- Luo after his arrest
- Born: August 20, 1954 Guangzhou, China
- Died: January 20, 1995 (aged 40) Guangzhou, China
- Cause of death: Execution by shooting
- Other name: "The Rainy Night Butcher"
- Convictions: Murder (19 counts) Robbery Theft
- Criminal penalty: Death

Details
- Victims: 19
- Span of crimes: 1977; 1990 – 1994
- Country: China
- State: Guangdong
- Date apprehended: September 19, 1994

= Luo Shubiao =

Executed Chinese serial killer

Luo Shubiao (罗树标; August 20, 1954 – January 20, 1995), known as The Rainy Night Butcher (雨夜屠夫 (Yǔyè túfū)), was a Chinese serial killer and rapist. After committing a rape-murder in 1977 and serving a prison sentence for theft, he started targeting young women around Guangzhou, killing a further eighteen victims from 1990 to 1994. Luo would be convicted of these murders and subsequently executed a year later.

==Early life==
Luo Shubiao was born on August 20, 1954, in Guangzhou, an only child from a working-class family. He started stealing while he was still in high school, and after graduating, he studied carpentry. In 1974, he was sent to a labor camp for two years for theft. In the beginning of 1977, Luo snuck into the Municipal Household Appliances Research Institute, ostensibly to steal some items, where he was caught in the act by a woman named Feng Liyun. Unwilling to let himself be arrested, he raped and beat Feng to death with a tire iron, but was not arrested for this crime. Two years later, he was sent to another labor camp for theft, where he spent the following three years.

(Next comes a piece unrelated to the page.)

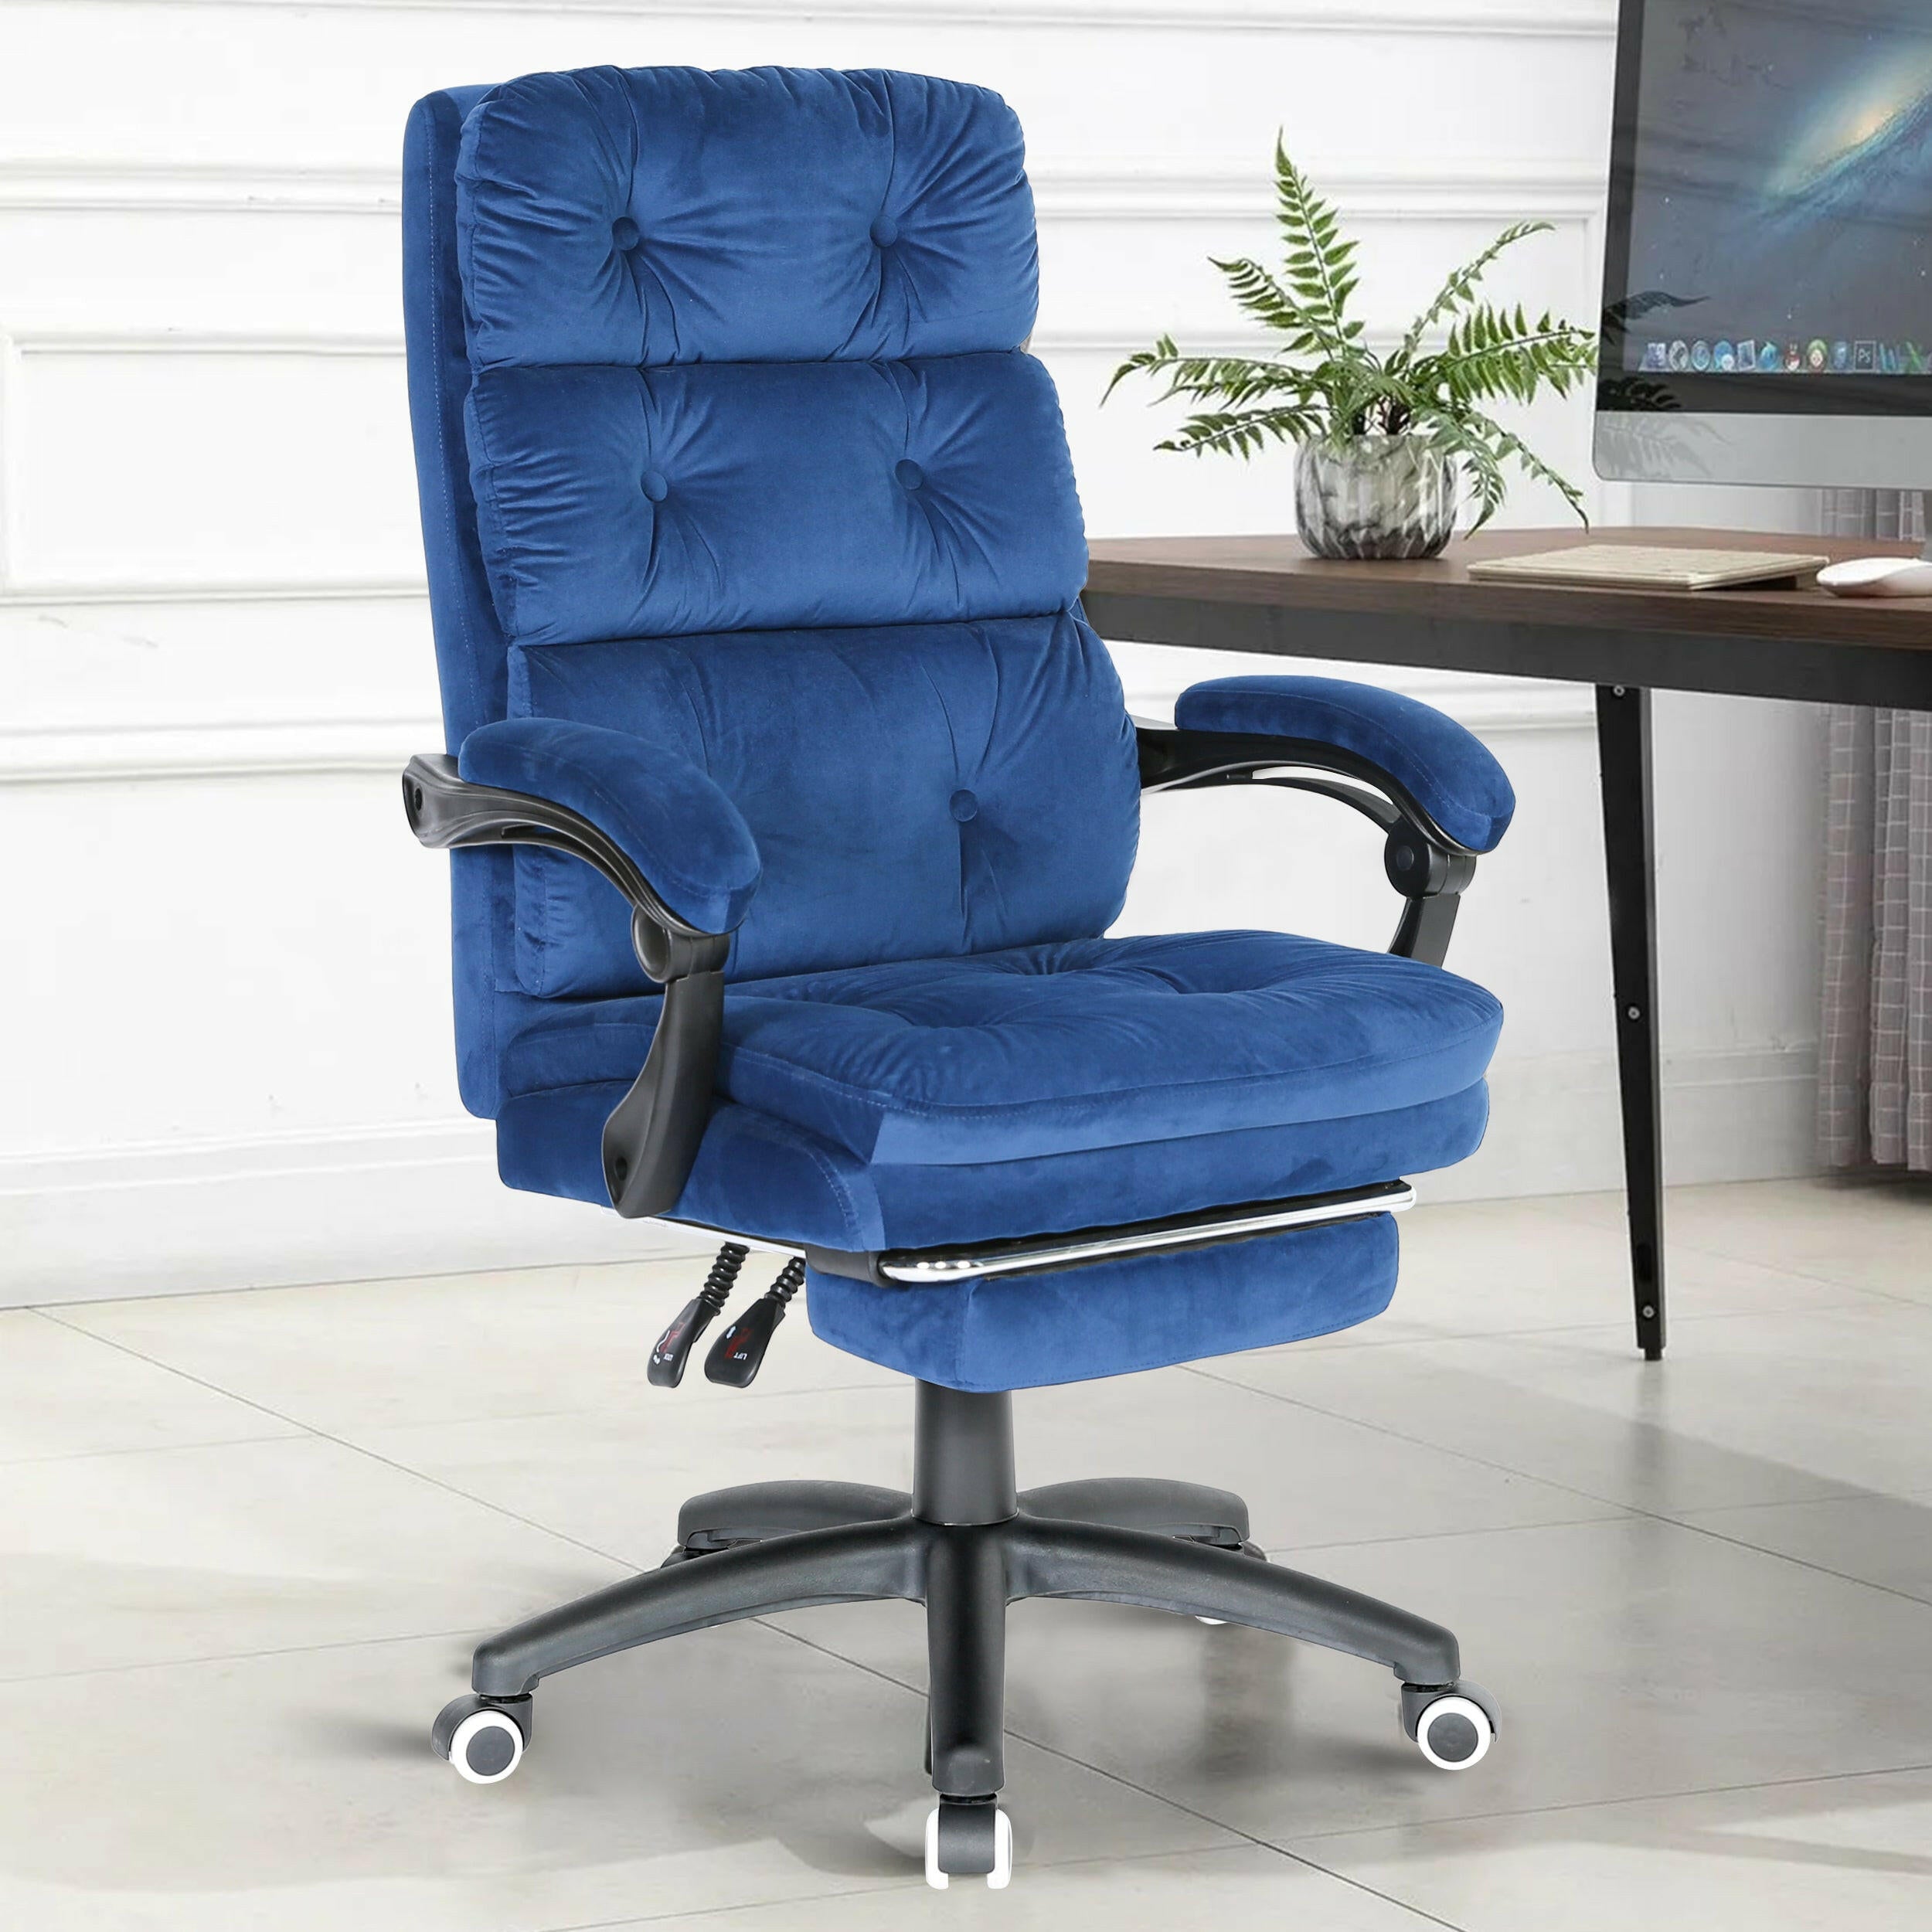 comfiest office chair
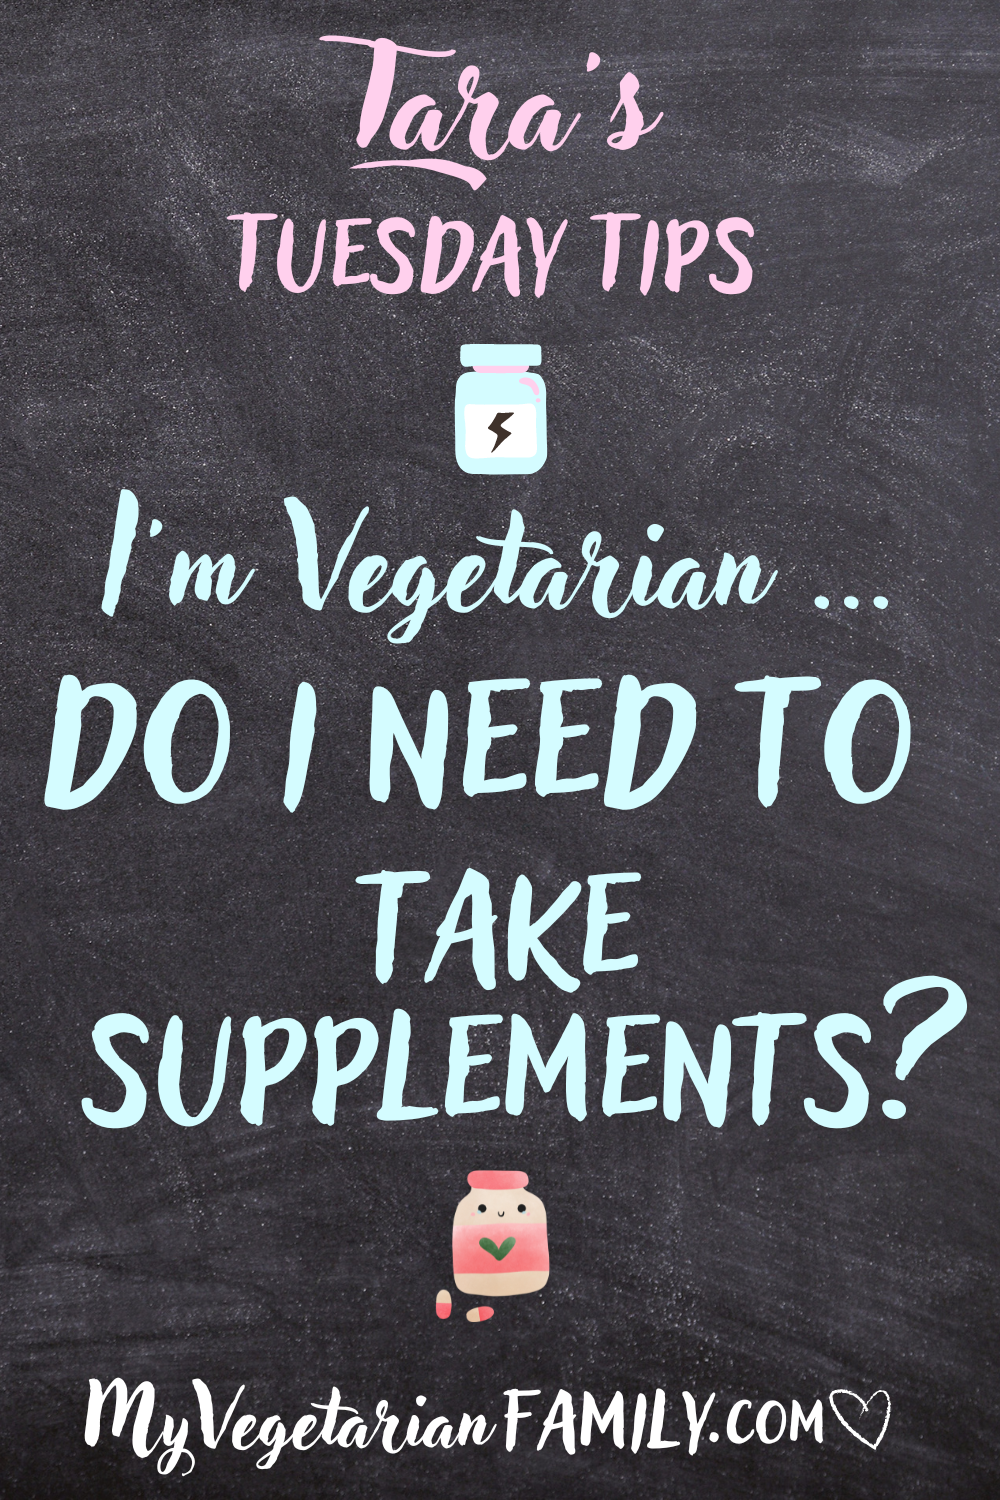 Do I Need Supplements As A Vegetarian? | Tara's Tuesday Tips | My Vegetarian Family #nutritiontips #myvegetarianfamily #tarastuesdaytips

After his release in 1982, Luo married Liu Meiting in September of that year and soon had a son and daughter with her. In February 1983, he was given a 5-year prison sentence for theft, but while he was serving it, he continued to steal items such as bras, panties and other lingerie. After his release in 1987, he found a job in the interior design industry, before switching to private transportation.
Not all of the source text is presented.